Just saw Rand Paul on Rachel Maddow’s show doing a not very good job of explaining his opposition to anti-discrimination laws.

Rand Paul

Paul did make a few good points – like the one about how the liberal case for forcibly desegregating private restaurants backfires by bolstering the conservative policy of forbidding private restaurants to ban guns – but obviously thought their application to the issue was so obvious that he didn’t explain that application clearly enough for viewers new to such ideas to grasp. (I’m not even sure that Maddow understood that Paul was against forbidding private restaurants to ban guns.)

Paul seemed like he was evading the issue, because he was. Saying that the north has been desegregated since the 1840s was ludicrous; and calling civil rights legislation an obscure issue from a long time ago was like putting a gun to his head (presumably in a consenting restaurant).

I’m not interested in giving Paul any advice, exactly; since seeing this video I don’t even feel like giving him the kind of well-wishing non-support I gave his father. All the same, what Paul should have done is to argue that voluntary efforts at fighting discrimination are more effective than governmental efforts.

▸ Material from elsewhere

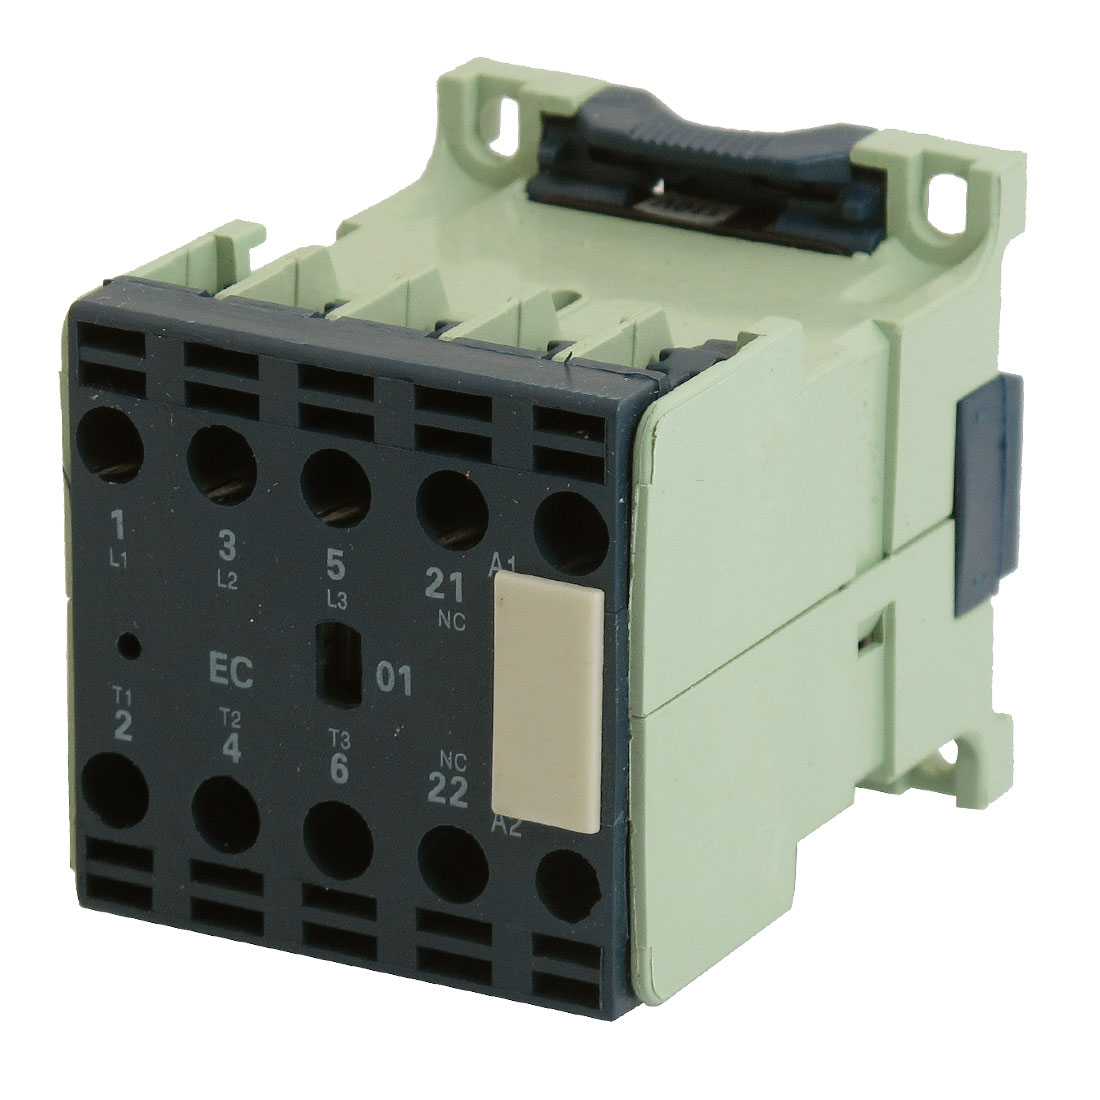 CJX2-6.3/01 110V 50/60Hz Coil 35mm DIN Rail Three Pole 1NC AC Contactor
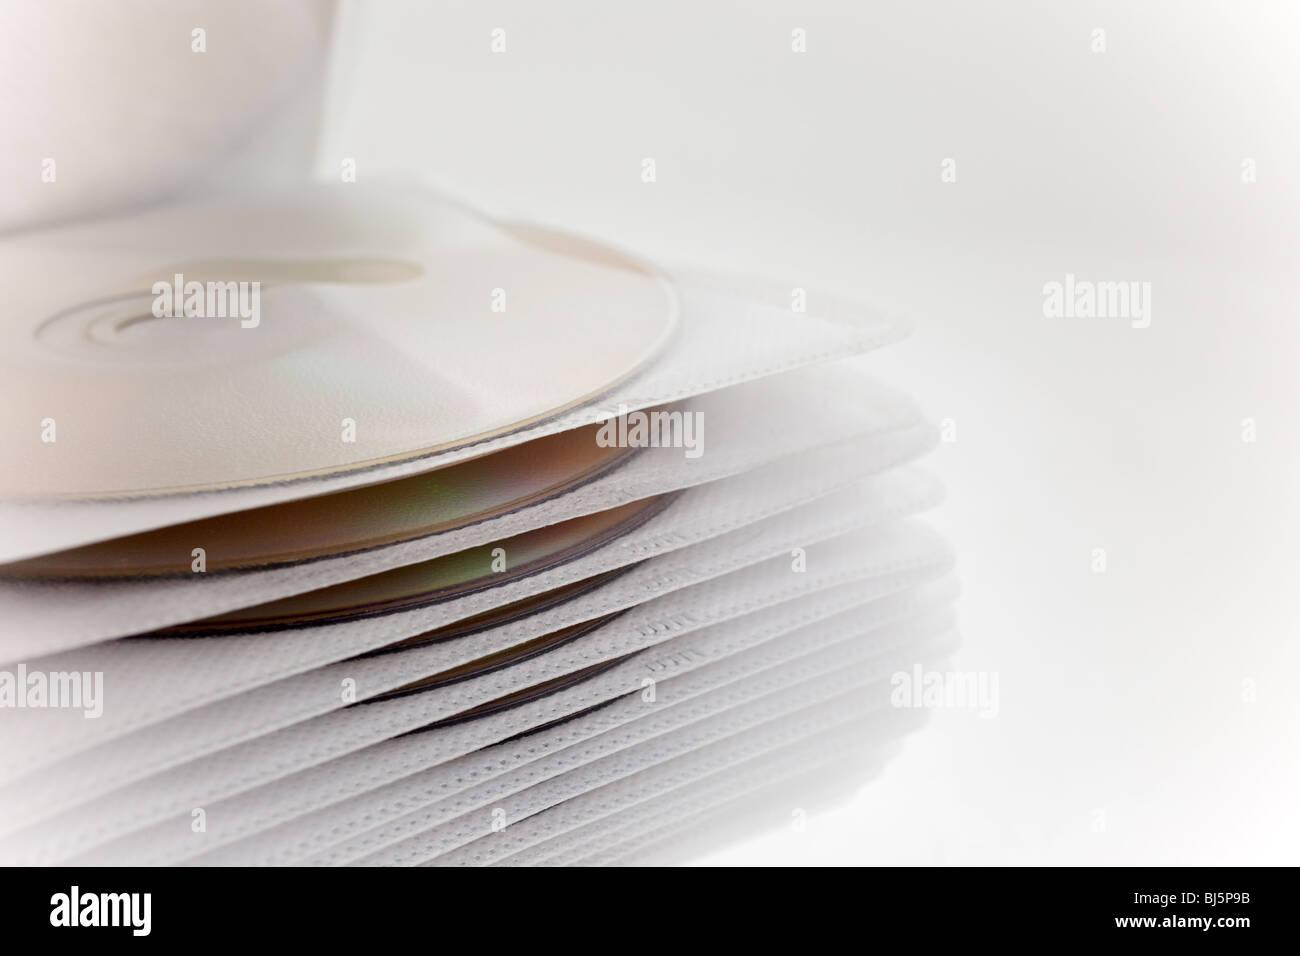 Carcasa de plástico con closeup archivos de disco. Foto de stock

But to do that, Paul would have had to talk about a) the indirect (not just the direct) discriminatory effects of government policies, and b) the nonviolent means of fighting discrimination. (And I’m not even talking about the possibility of raising Rothbardian doubts about the legitimate property titles of the segregated businesses of the south. Baby steps, etc.) But he said nothing about either (a) or (b), and I suspect hasn’t thought much about them.


Fall Right, Swing Left

“I don’t try to make you believe something you don’t believe,
but to make you do something you won’t do.”
— Ludwig Wittgenstein

“Over and over, you’re falling, and then catching yourself from falling.
And this is how you can be walking and falling at the same time.”
— Laurie Anderson

I’ve written before about the importance of Thomas Kuhn’s Structure of Scientific Revolutions for left-libertarians. Here’s another example.

debate

Left-libertarians and right-libertarians – or mainstream libertarians, or “normal” libertarians, or whatever one wants to call them (I’m tempted by the irony of “modal libertarians” myself) – often get frustrated with each other. Left-libertarians pull their hair out when right-libertarians at one moment acknowledge the existence of pervasive government favouritism to big business, and then at the next moment lapse back into treating criticisms of big business as criticisms of the free market. (Here, for example, is Kevin Carson wondering why John Stossel, who in the past has “tipped his hat to the ideas of corporatism and crony capitalism,” suddenly “smile[s] and nod[s]” when Michael Medved “responds to allegations that big business is corrupt and exploitative, in the corporatist economy we live in, by arguing that ‘it can’t happen, because in a free market ….’”) Right-libertarians, for their part, can’t see why left-libertarians keep harping about corporatist intervention when the right-libertarians have already acknowledged its existence and badness.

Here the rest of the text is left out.